▸ DESCRIPTION OF THE TASK
Restate word for word all of the lines below, with each image left out.

+++

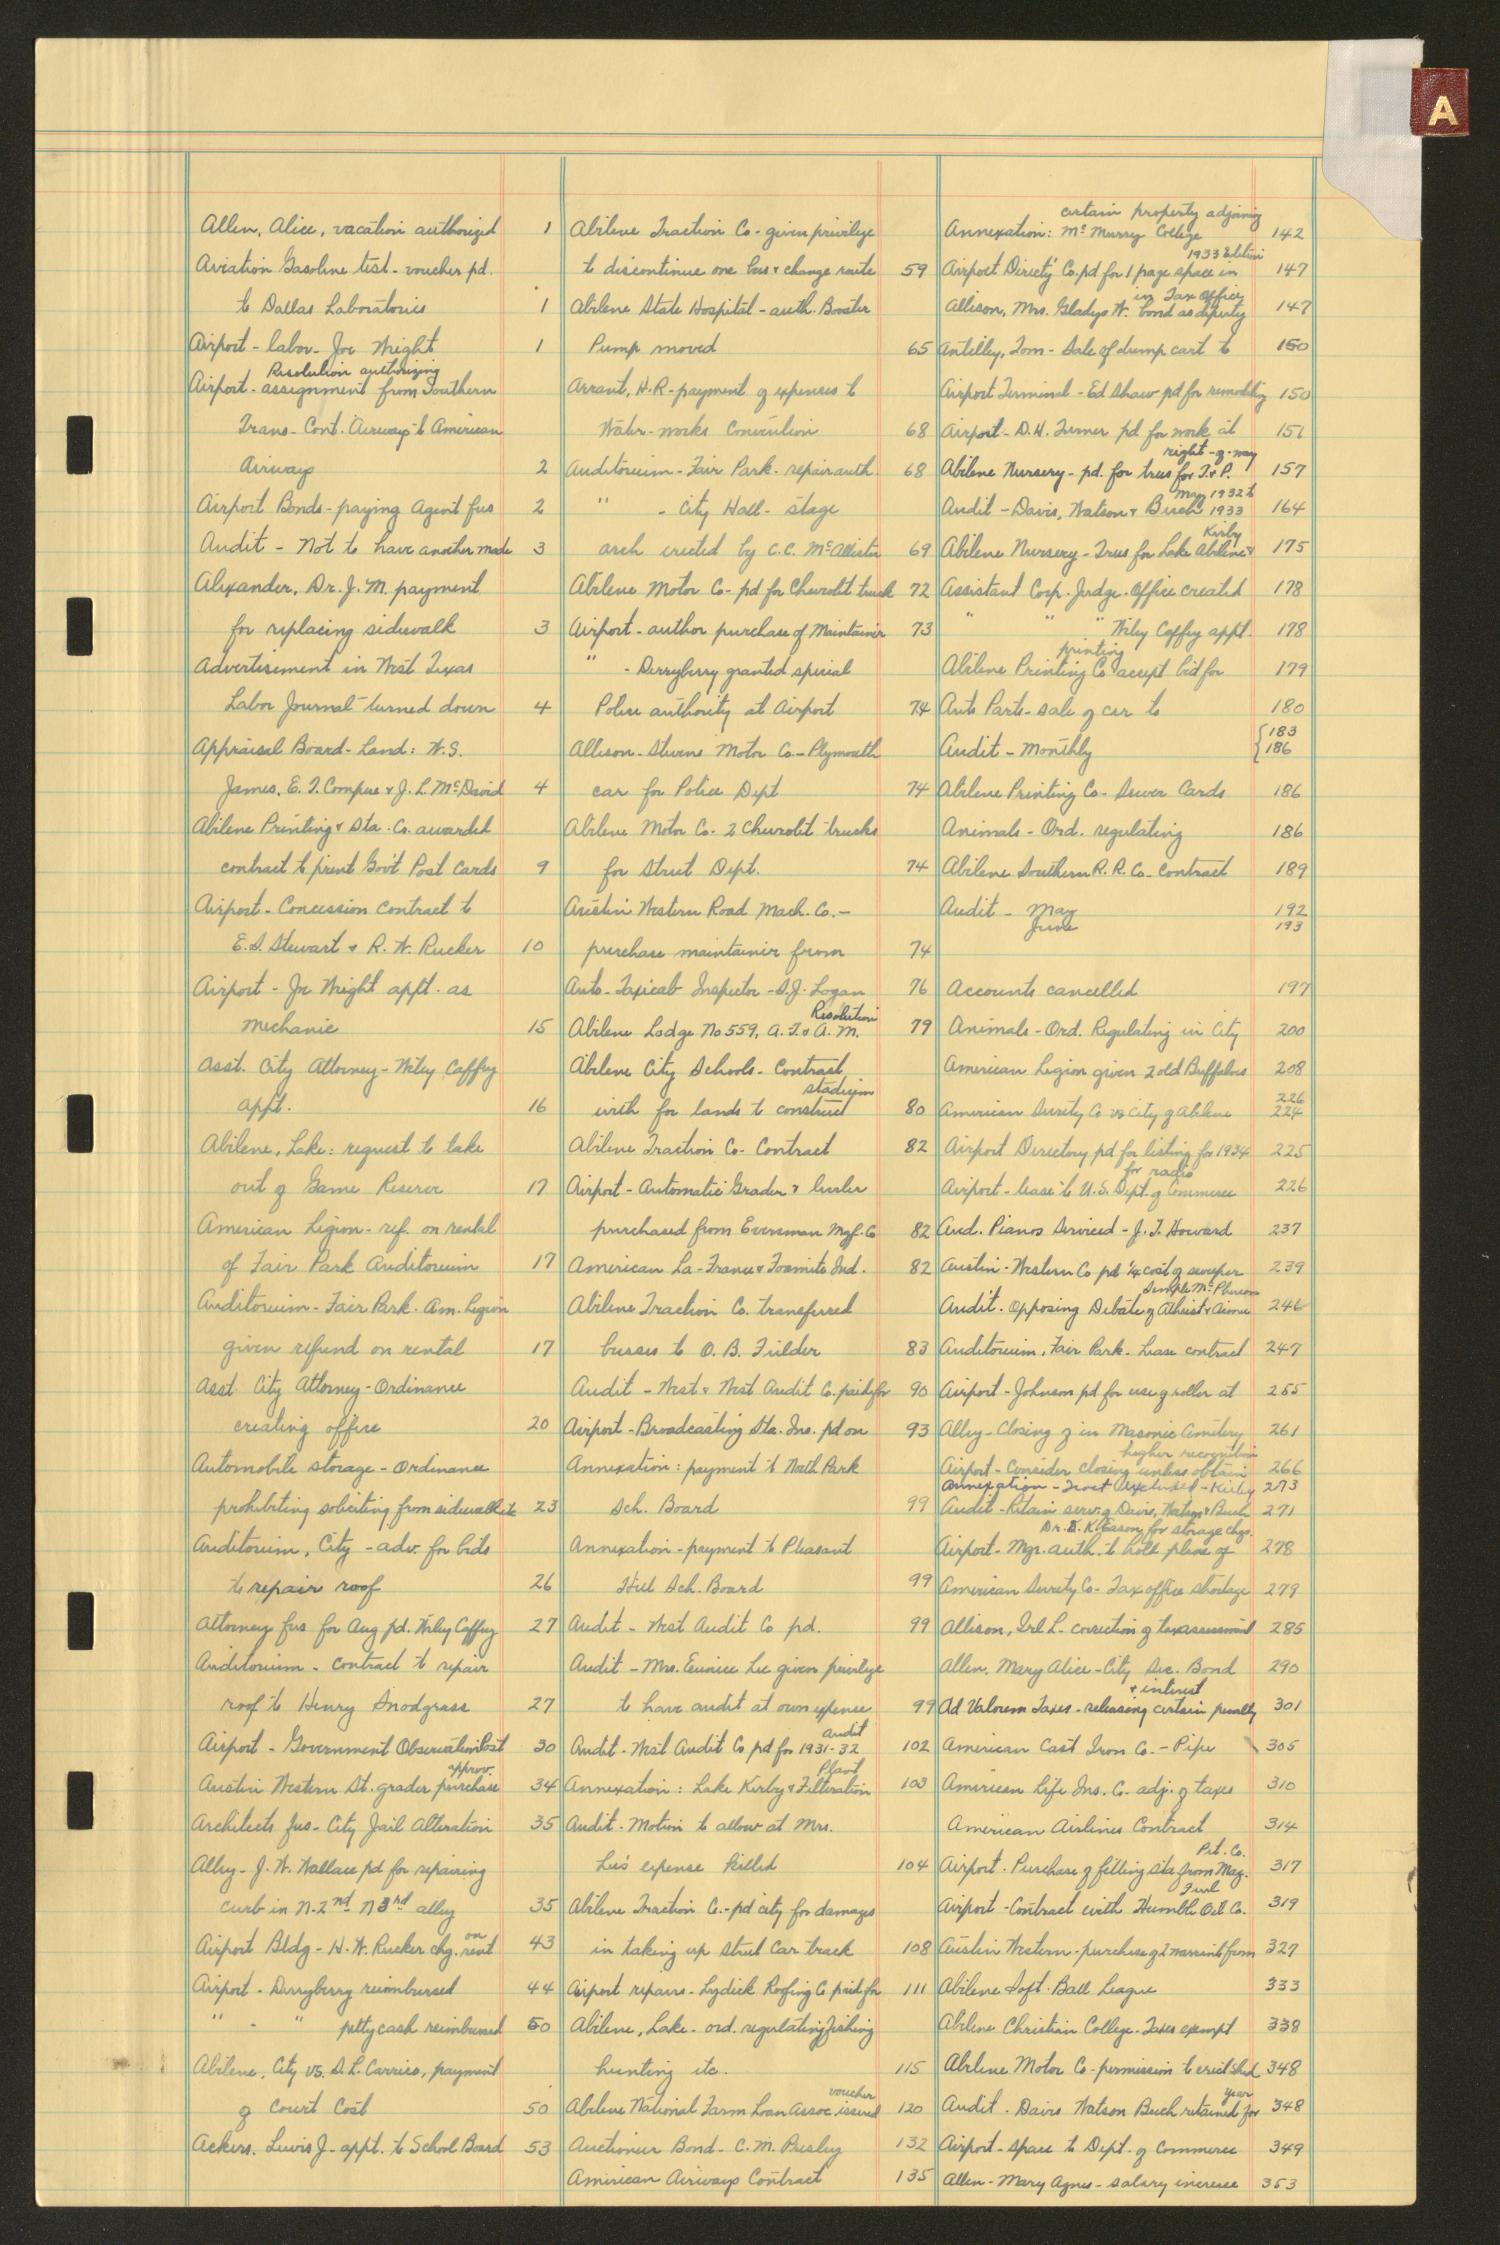 [Abilene Board of Commissioners Minutes: 1931-1938]
                                                
                                                    A
                                                
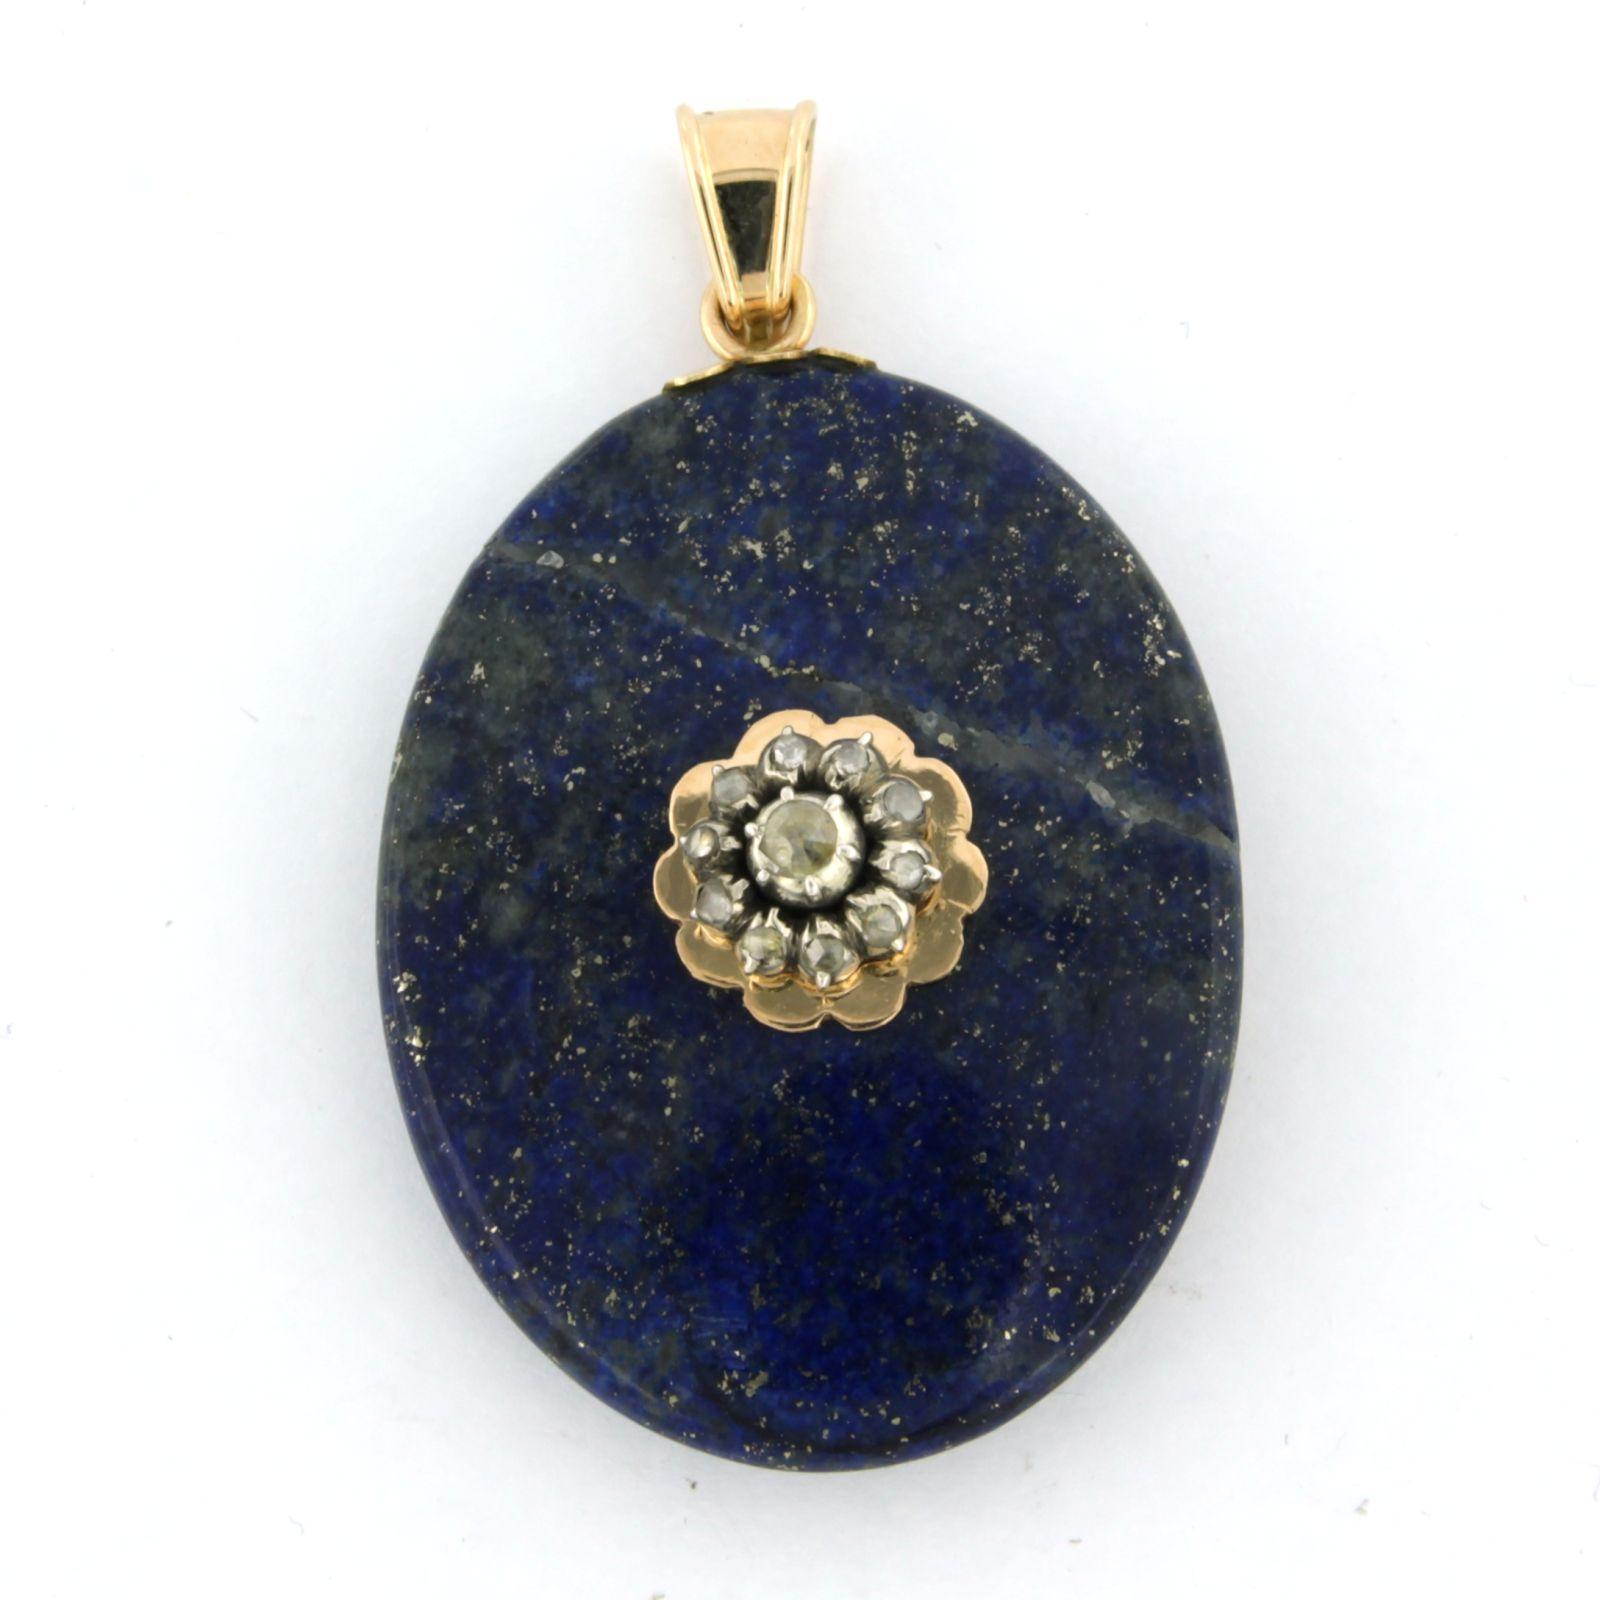 14k gold medallion pendant with lapis lazuli and rose diamonds set on silver. 0.15ct – G/H – SI

Detailed description

the size of the pendant is 5.5 cm long by 3.3 cm wide

weight 18.6 grams

set with

- 1 x 4.4 cm x 3.3 cm oval cut lais
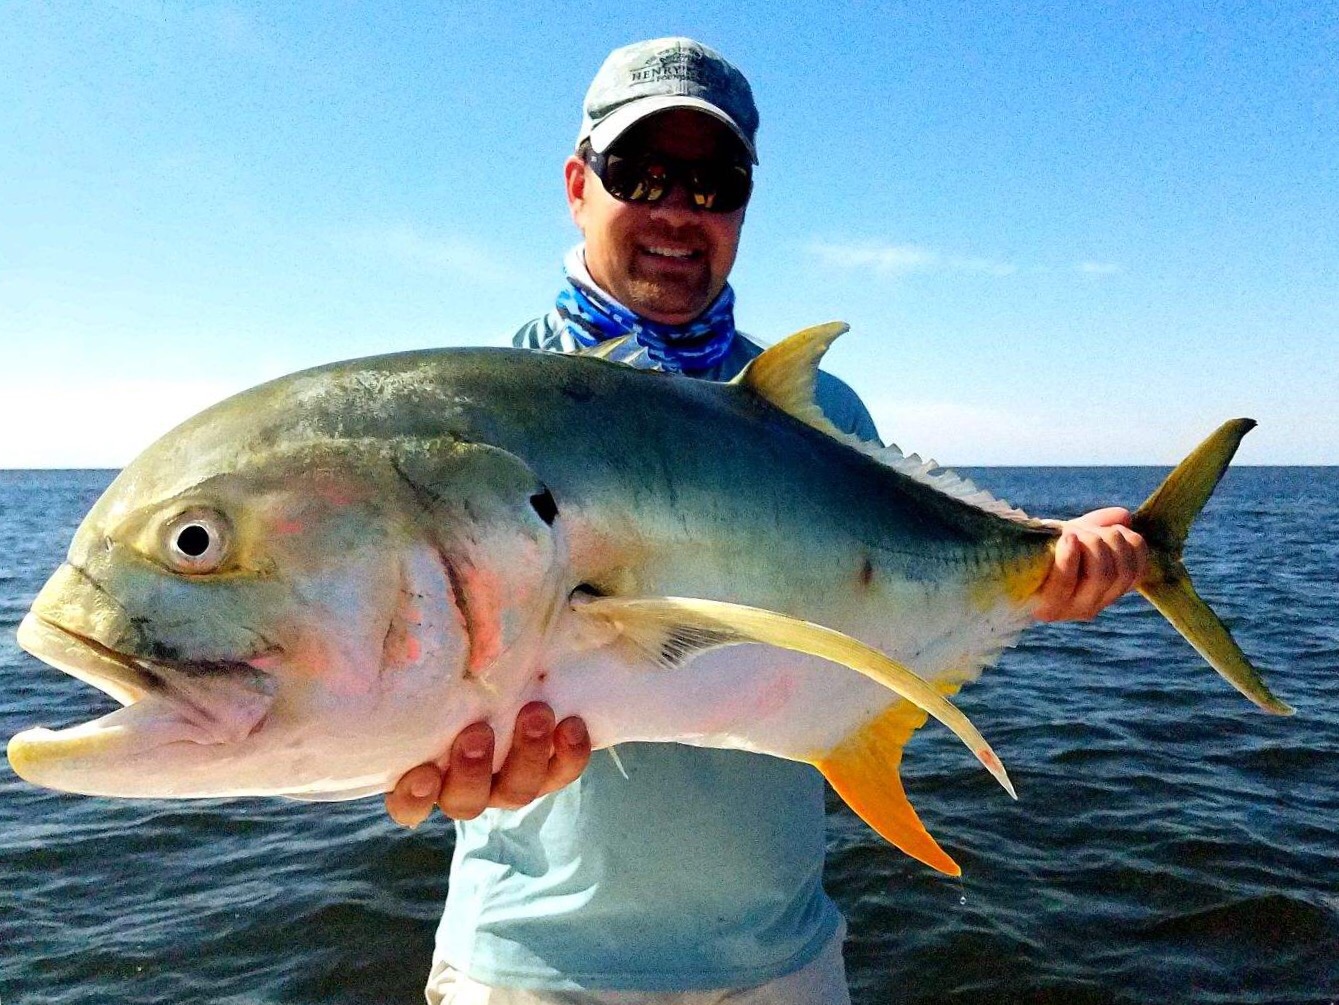 Man with a large fish during summer fishing trip

+++

▸ ANSWER SPACE
 [Abilene Board of Commissioners Minutes: 1931-1938]
                                                
                                                    A
                                                
 14k gold medallion pendant with lapis lazuli and rose diamonds set on silver. 0.15ct – G/H – SI

Detailed description

the size of the pendant is 5.5 cm long by 3.3 cm wide

weight 18.6 grams

set with

- 1 x 4.4 cm x 3.3 cm oval cut lais
 Man with a large fish during summer fishing trip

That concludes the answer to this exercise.